Problem: Only the pictures are to be omitted; everything else in the listing must be reproduced exactly.

Collected material:

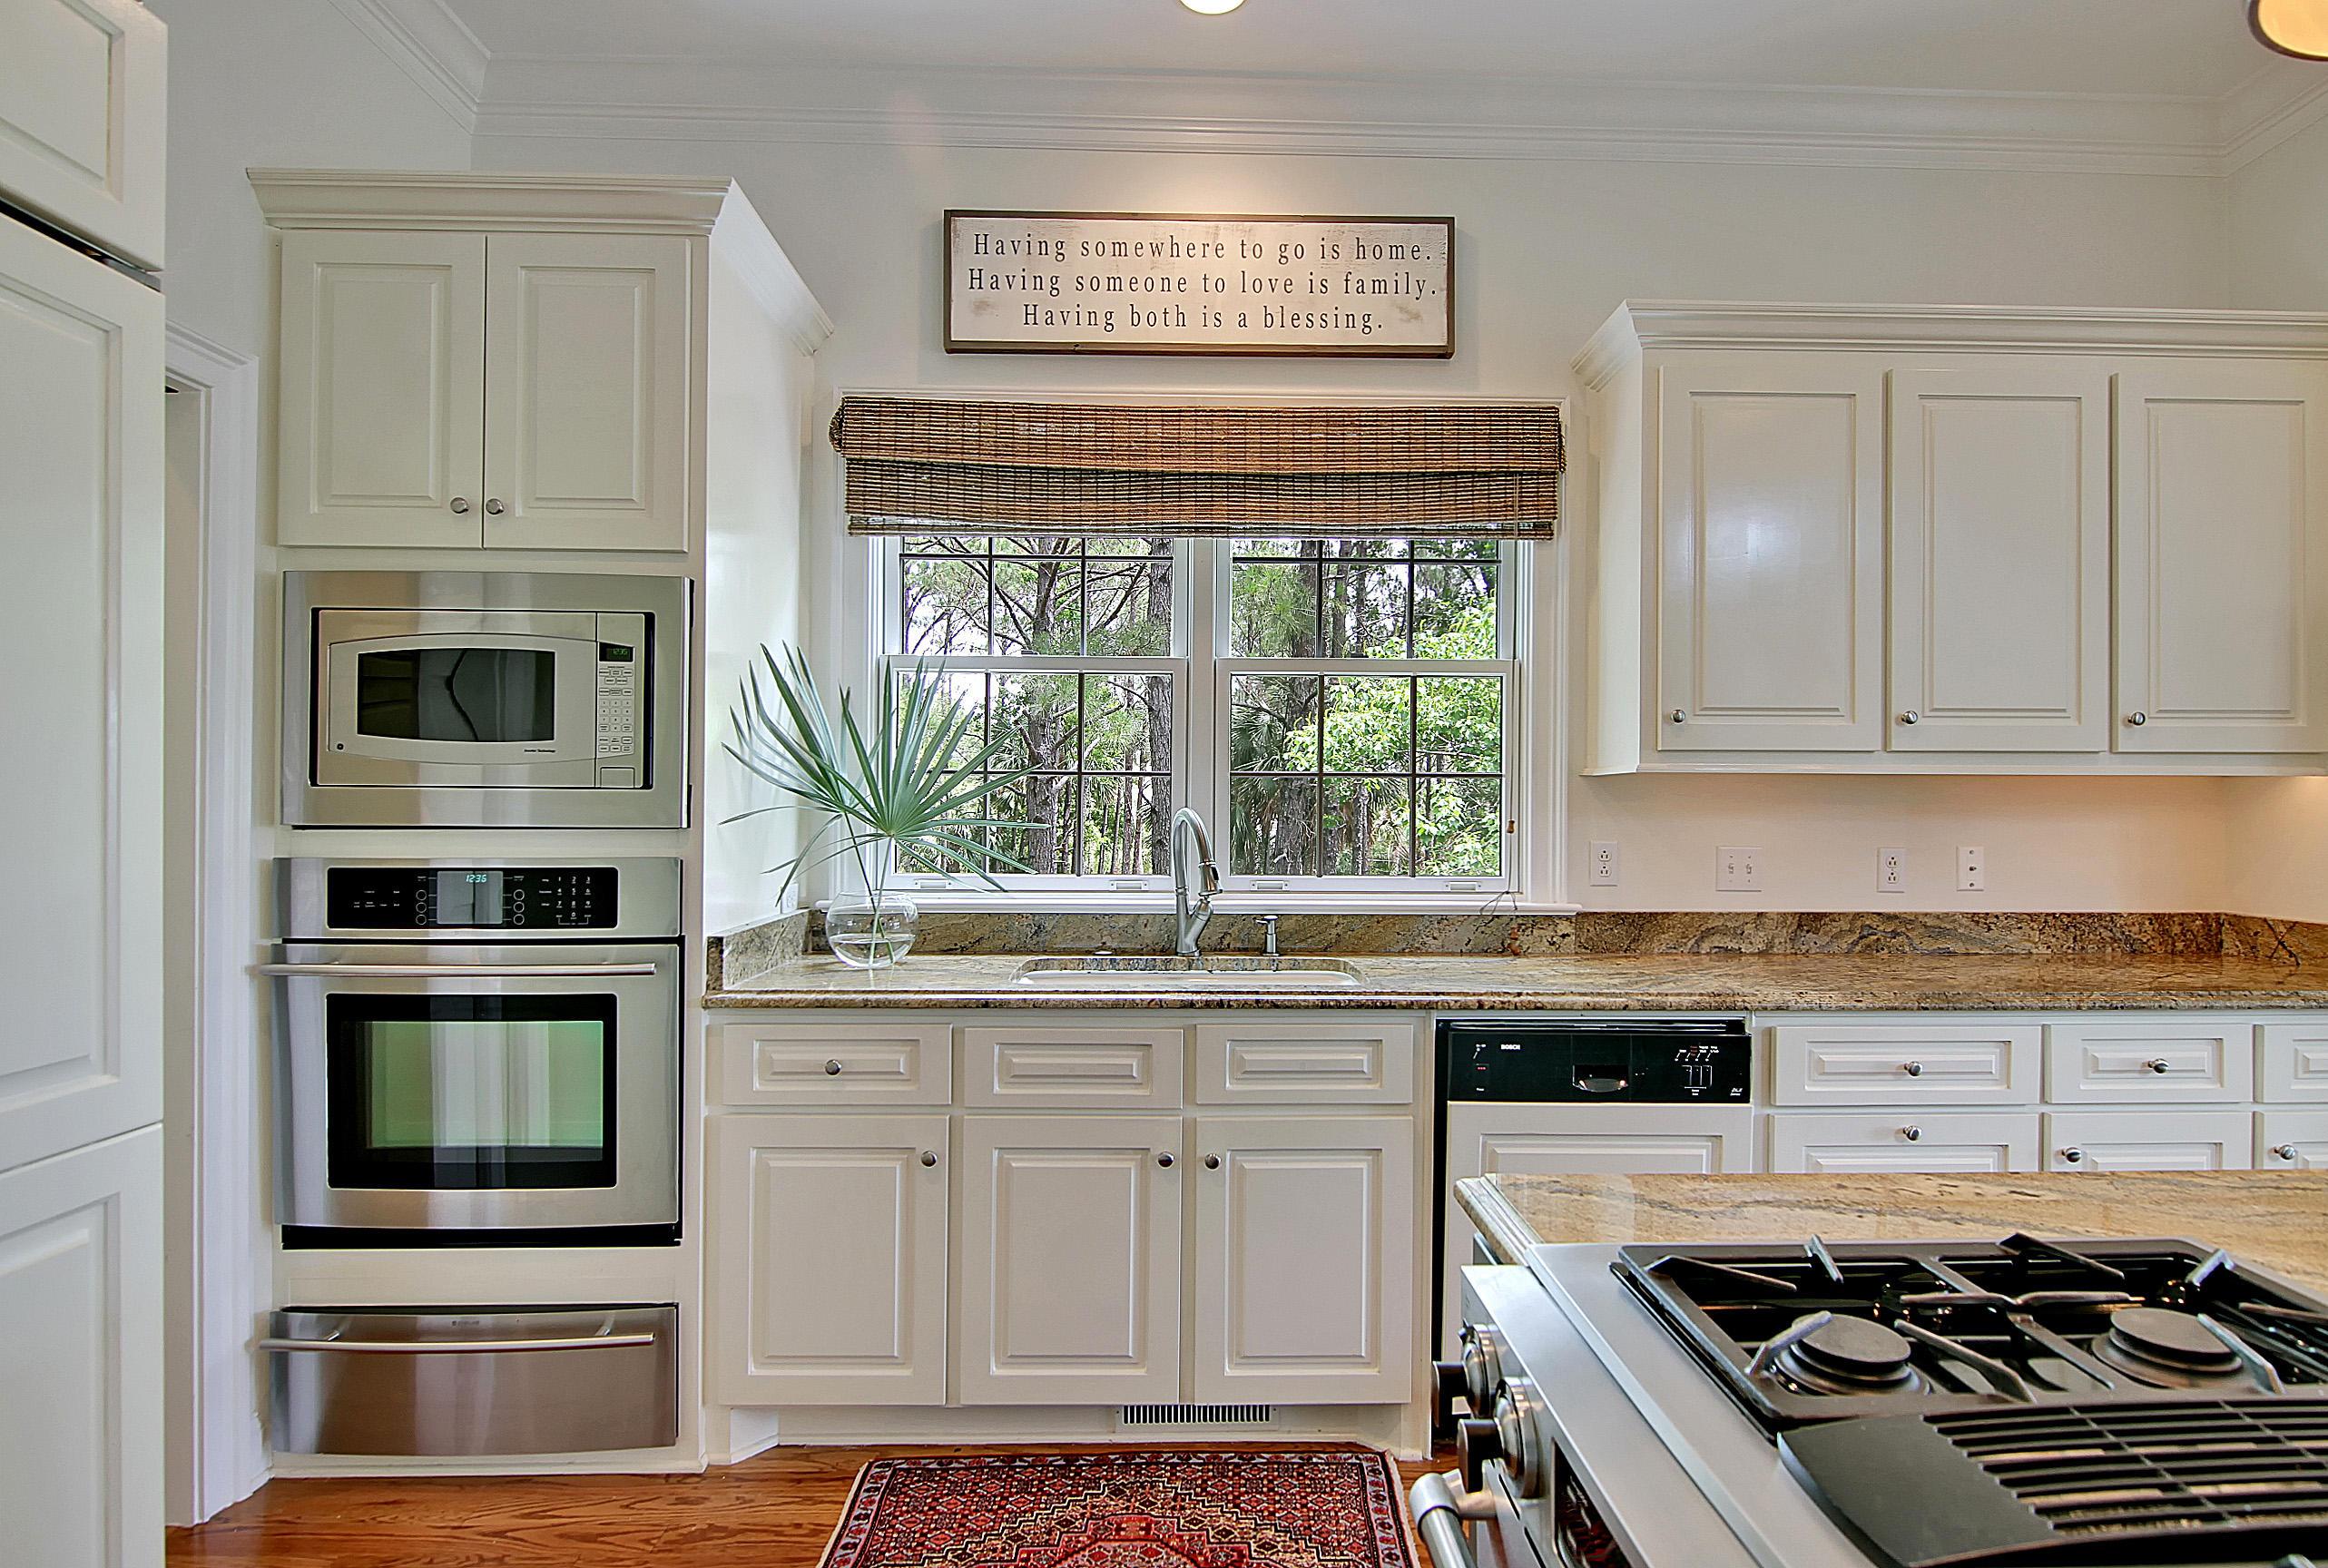 Dunes West Homes For Sale - 2282 Captain Waring, Mount Pleasant, SC - 59
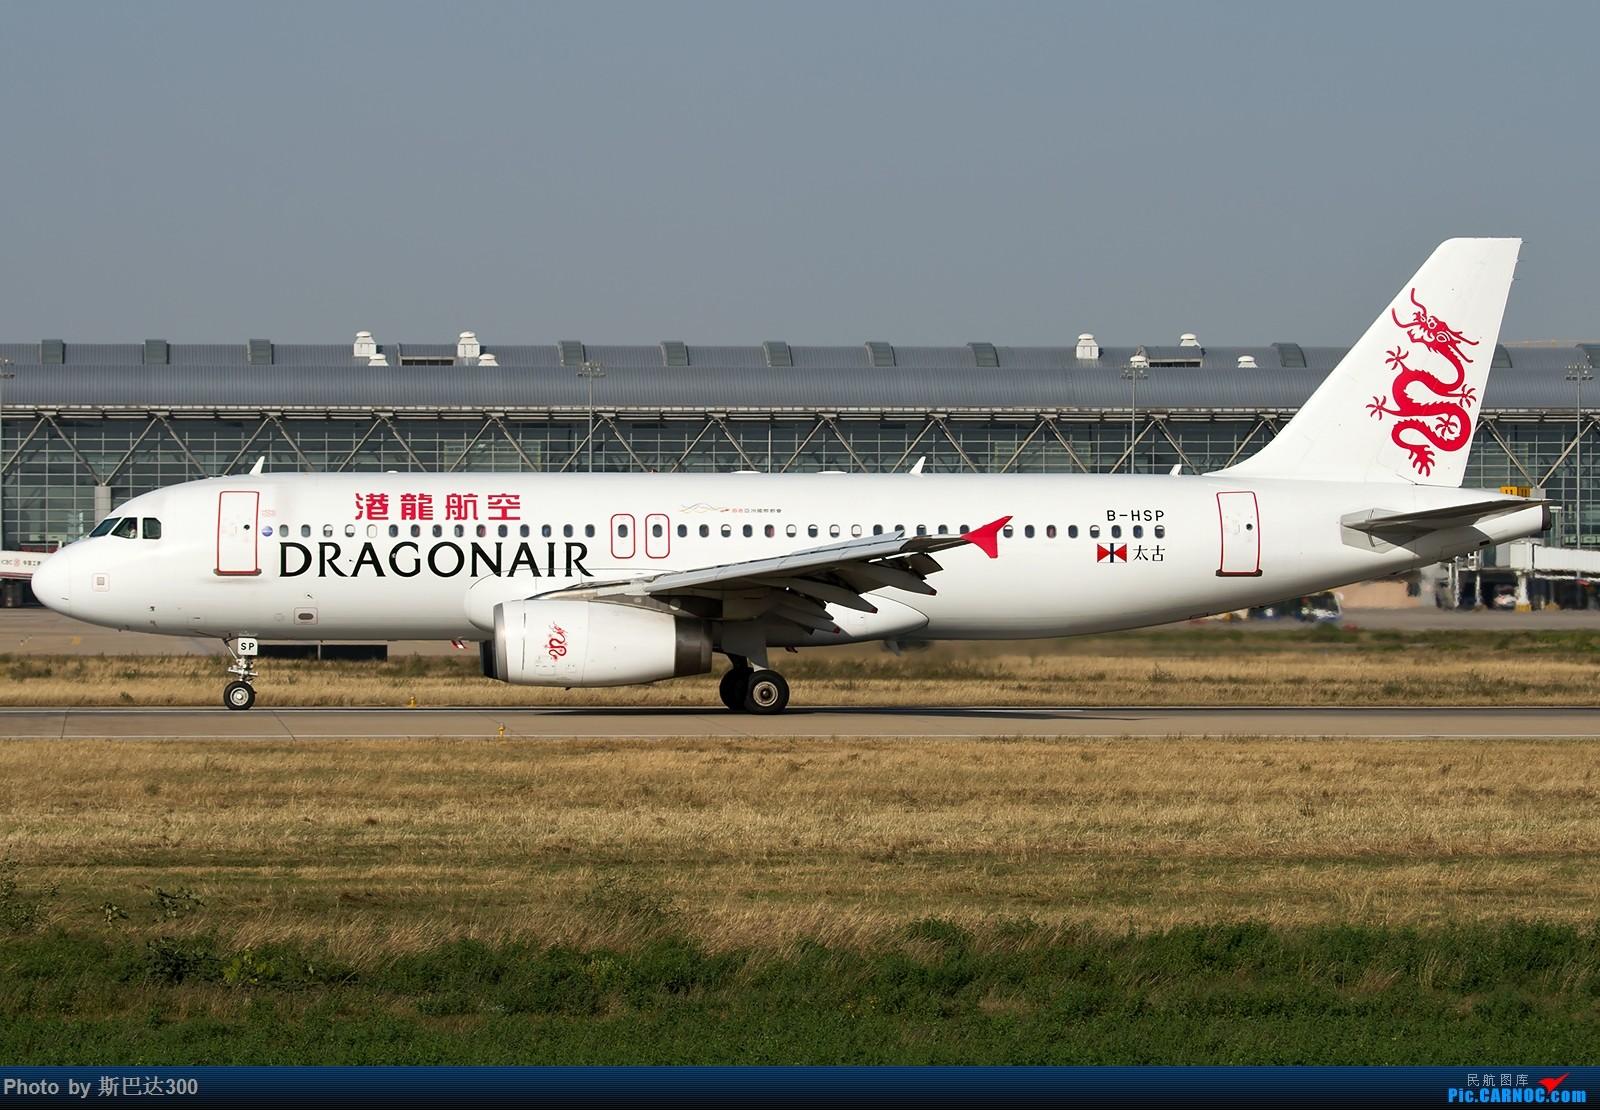 Re:[原创]1600 杂图一组 AIRBUS A320-200 B-HSP 中国郑州新郑国际机场
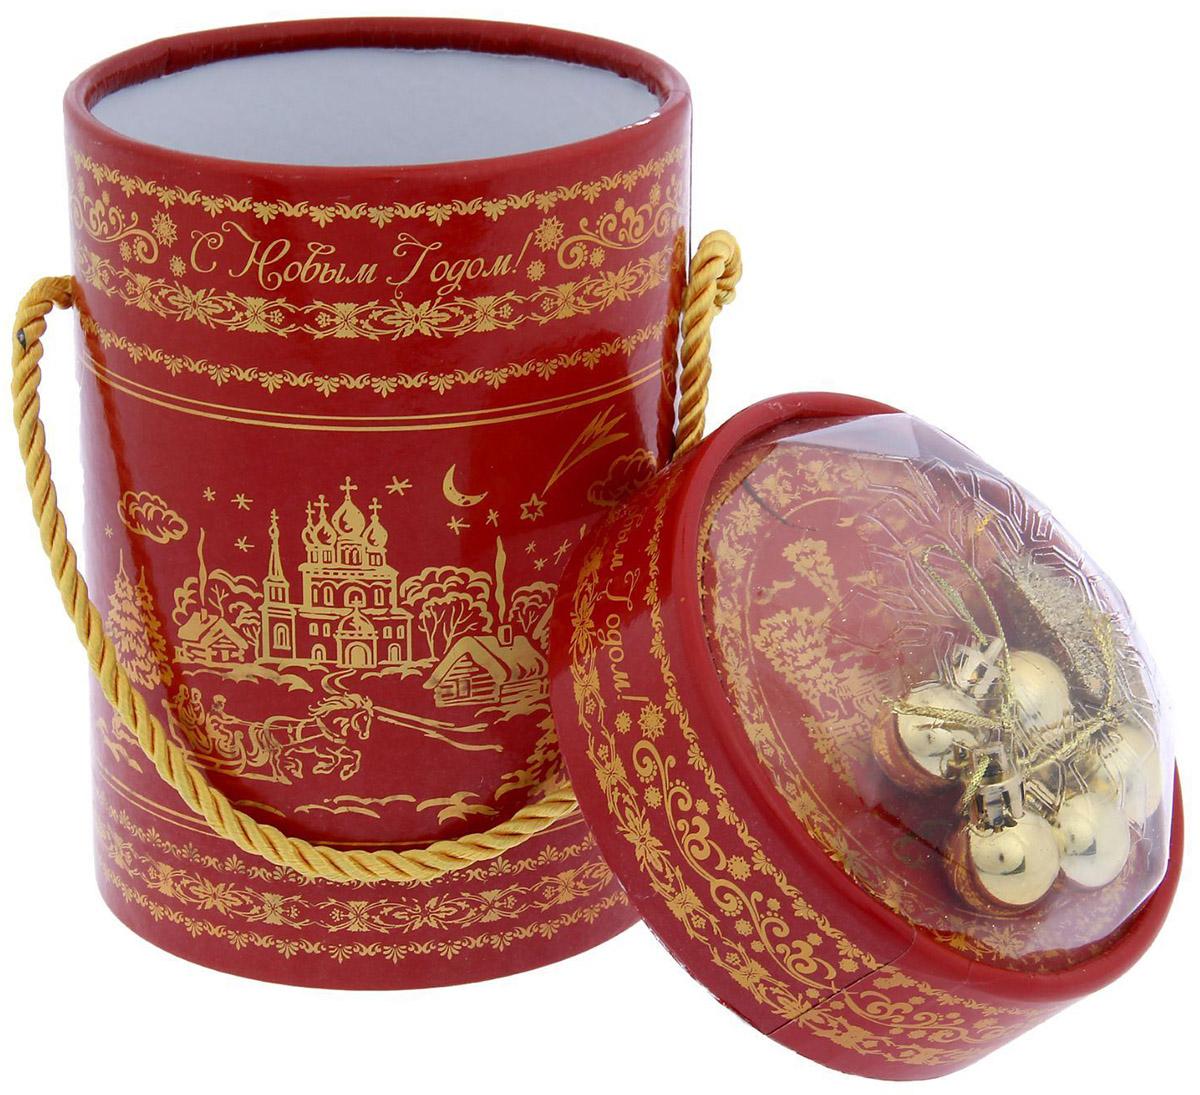 Коробка-тубус подарочная Sima-land С Новым Годом, 11,5 х 15 см1118877Любой подарок начинается с упаковки. Что может быть трогательнее и волшебнее, чем ритуал разворачивания полученного презента. И именно оригинальная, со вкусом выбранная упаковка выделит ваш подарок из массы других. Подарочная коробка-тубус Sima-land продемонстрирует самые теплые чувства к виновнику торжества и создаст сказочную атмосферу праздника.

Expected answer:
 Dunes West Homes For Sale - 2282 Captain Waring, Mount Pleasant, SC - 59
 Re:[原创]1600 杂图一组 AIRBUS A320-200 B-HSP 中国郑州新郑国际机场
 Коробка-тубус подарочная Sima-land С Новым Годом, 11,5 х 15 см1118877Любой подарок начинается с упаковки. Что может быть трогательнее и волшебнее, чем ритуал разворачивания полученного презента. И именно оригинальная, со вкусом выбранная упаковка выделит ваш подарок из массы других. Подарочная коробка-тубус Sima-land продемонстрирует самые теплые чувства к виновнику торжества и создаст сказочную атмосферу праздника.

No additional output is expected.